Deploying Geographic-Based Configuration Groups
Based on the factors outlined in the preceding
section, it is preferable to deploy OpsMgr in a single management group.
However, in some situations an organization needs to divide its OpsMgr
environment into multiple management groups. The most common reason for
division of OpsMgr management groups is division along geographic lines.
In situations in which wide area network (WAN) links are saturated or
unreliable, it might be wise to separate large islands of WAN
connectivity into separate management groups.
Simply being separated across slow WAN links is not a
good reason to warrant a separate management group, however. For
example, small sites with few servers do not warrant the creation of a
separate OpsMgr management group, with the associated hardware,
software, and administrative costs. However, if many servers exist in a
distributed, generally well-connected geographical area, that might be a
case for the creation of a management group.
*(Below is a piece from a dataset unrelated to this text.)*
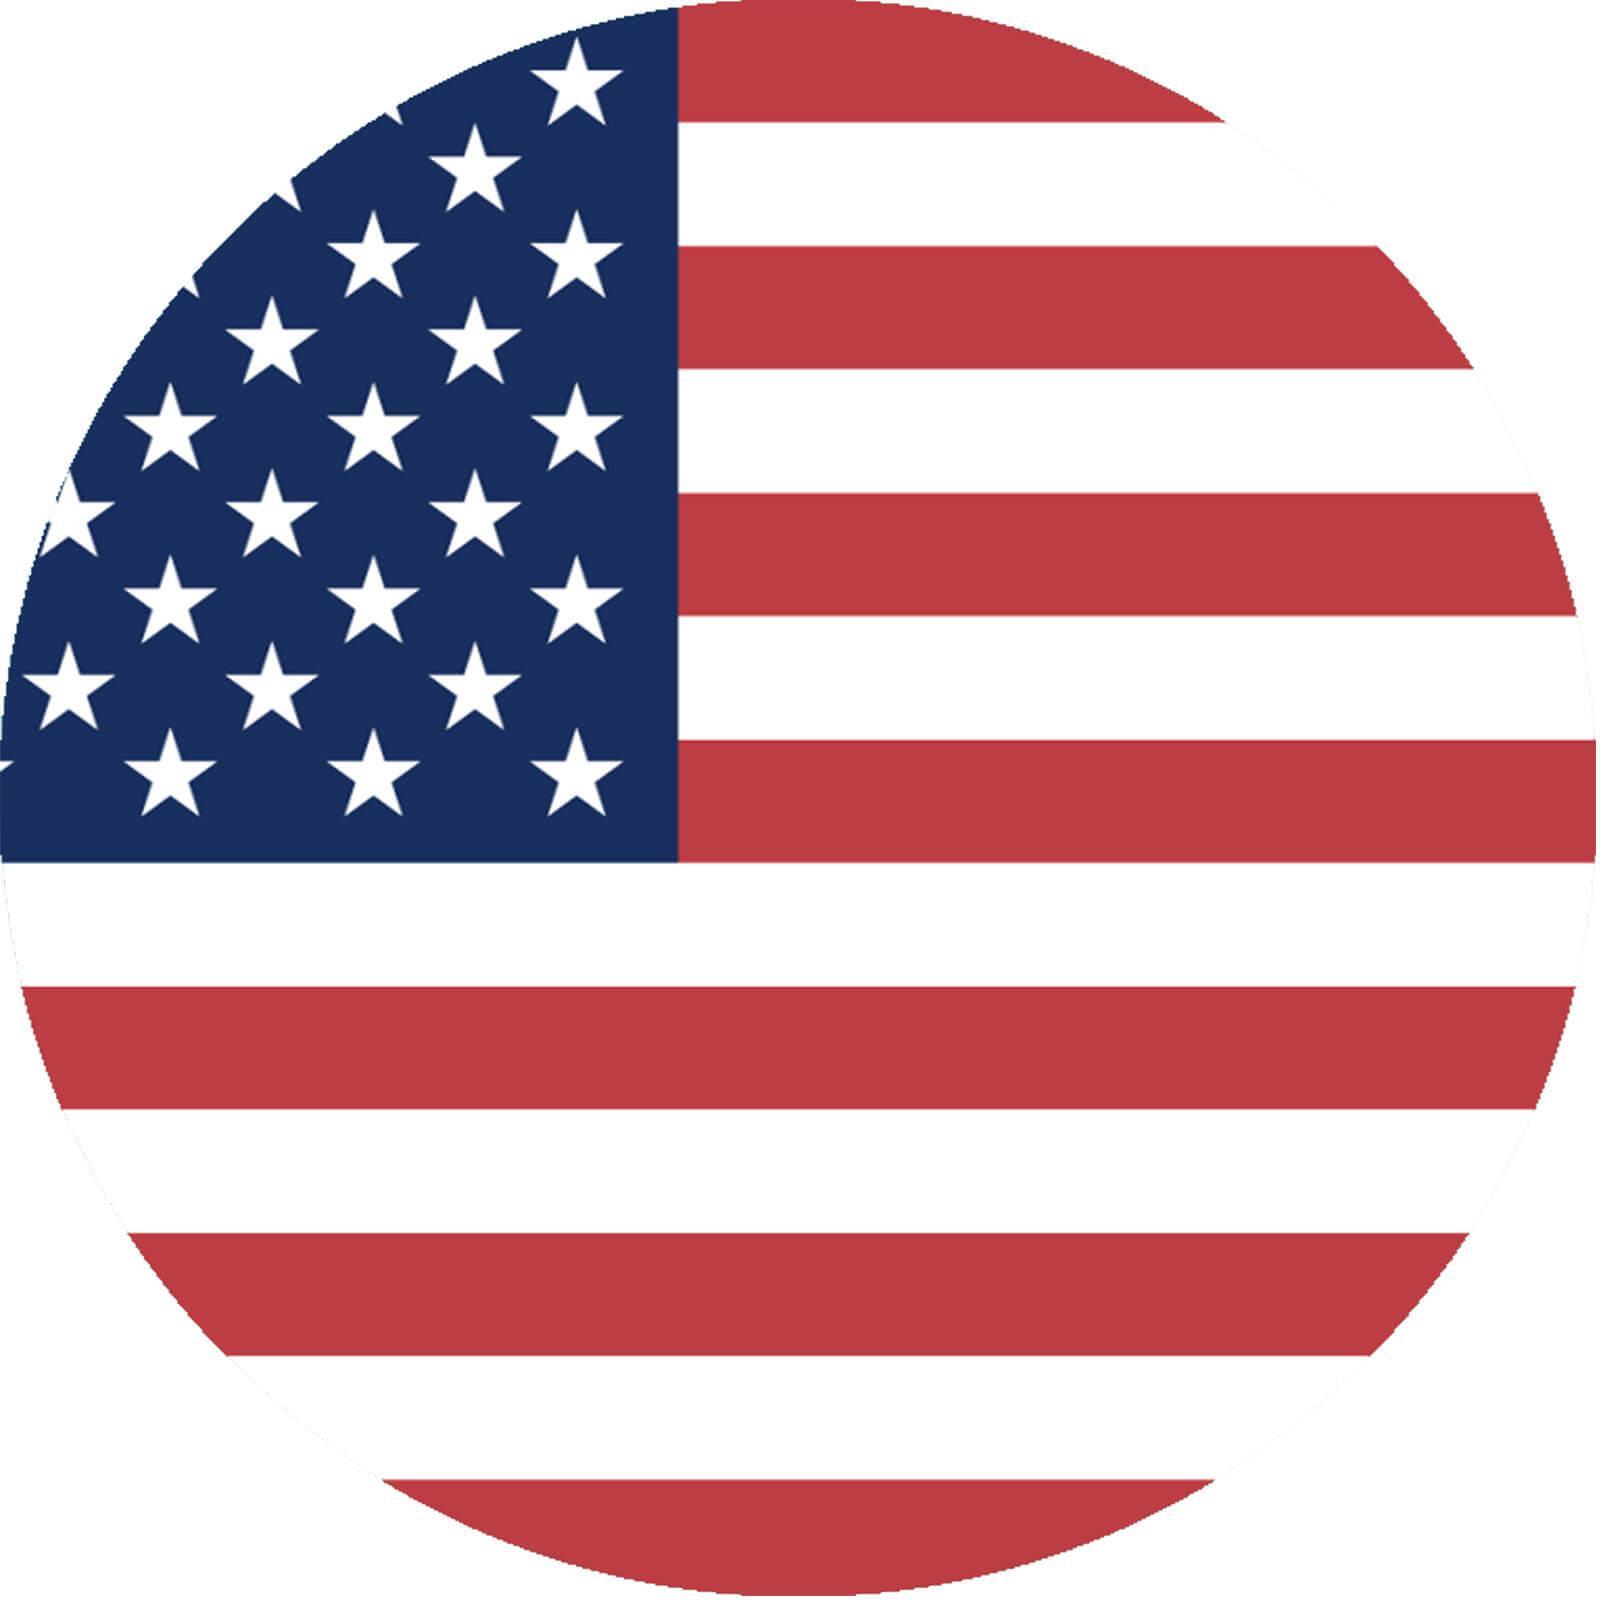 Tortenaufleger Amerika USA Flagge rund kaufen - Partydeko & Partyartikel  für Mottopartys im fixefete.de Shop kaufen

For example, an organization can be divided into several sites across
the United States, but decide to divide the OpsMgr environment into
separate management groups for East Coast and West Coast to roughly
approximate their WAN infrastructure.
Smaller sites that are not well connected but are not
large enough to warrant their own management group should have their
event monitoring throttled to avoid being sent across the WAN during
peak usage times. The downside to this approach, however, is that the
reaction time to critical event response is increased.
Deploying Political or Security-Based Configuration Groups
The less common method of dividing OpsMgr management
groups is by political or security lines. For example, it might become
necessary to separate financial servers into a separate management group
to maintain the security of the finance environment and allow for a
separate set of administrators.
Politically, if administration is not centralized
within an organization, management groups can be established to separate
OpsMgr management into separate spheres of control. This keeps each
OpsMgr management zone under separate security models.
As previously mentioned, a single management group is
the most efficient OpsMgr environment and provides for the least amount
of redundant setup, administration, and troubleshooting work.
Consequently, avoid artificial OpsMgr division along political or
security lines, if possible.
Sizing the OpsMgr Database
Depending on several factors, such as the type of
data collected, the length of time that collected data will be kept, or
the amount of database grooming that is scheduled, the size of the
OpsMgr database grows or shrinks accordingly.
Tip
It is important to monitor the size of the database
to ensure that it does not increase beyond the bounds of acceptable
size. OpsMgr can be configured to monitor itself, supplying advance
notice of database problems and capacity thresholds. This type of
strategy is highly recommended because OpsMgr can easily collect event
information faster than it can get rid of it.
The size of the operations database can be estimated through the following formula:
(Number of agents × 5 MB × retention days) + 1,024 overhead = estimated database size
For example, an OpsMgr environment monitoring 1,000
servers with the default seven-day retention period has an estimated 35
GB operations database:
(1,000 * 5 * 7) + 1,024 = 36,024 MB
The size of the reporting database can be estimated through the following formula:
(Number of agents × 3 MB × retention days) + 1,024 overhead = estimated database size
The same environment monitoring 1,000 servers with
the default 400-day retention period has an estimated 1.1 TB reporting
database:
(1,000 * 3 * 400) + 1,024 = 1,201,024 MB
Caution
It is important to understand that these estimates
are rough guidelines only and can vary widely depending on the types of
servers monitored, the monitoring configuration, the degree of
customization, and other factors.
Defining Capacity Limits
As with any system, OpsMgr includes limits that
should be taken into account before deployment begins. Surpassing these
limits might be cause for the creation of new management groups and
should subsequently be included in a design plan. These limits are as
follows:
Operations Database—
OpsMgr operates through a principle of centralized, rather than
distributed, collection of data. All event logs, performance counters,
and alerts are sent to a single centralized database, and there can
subsequently be only a single operations database per management group.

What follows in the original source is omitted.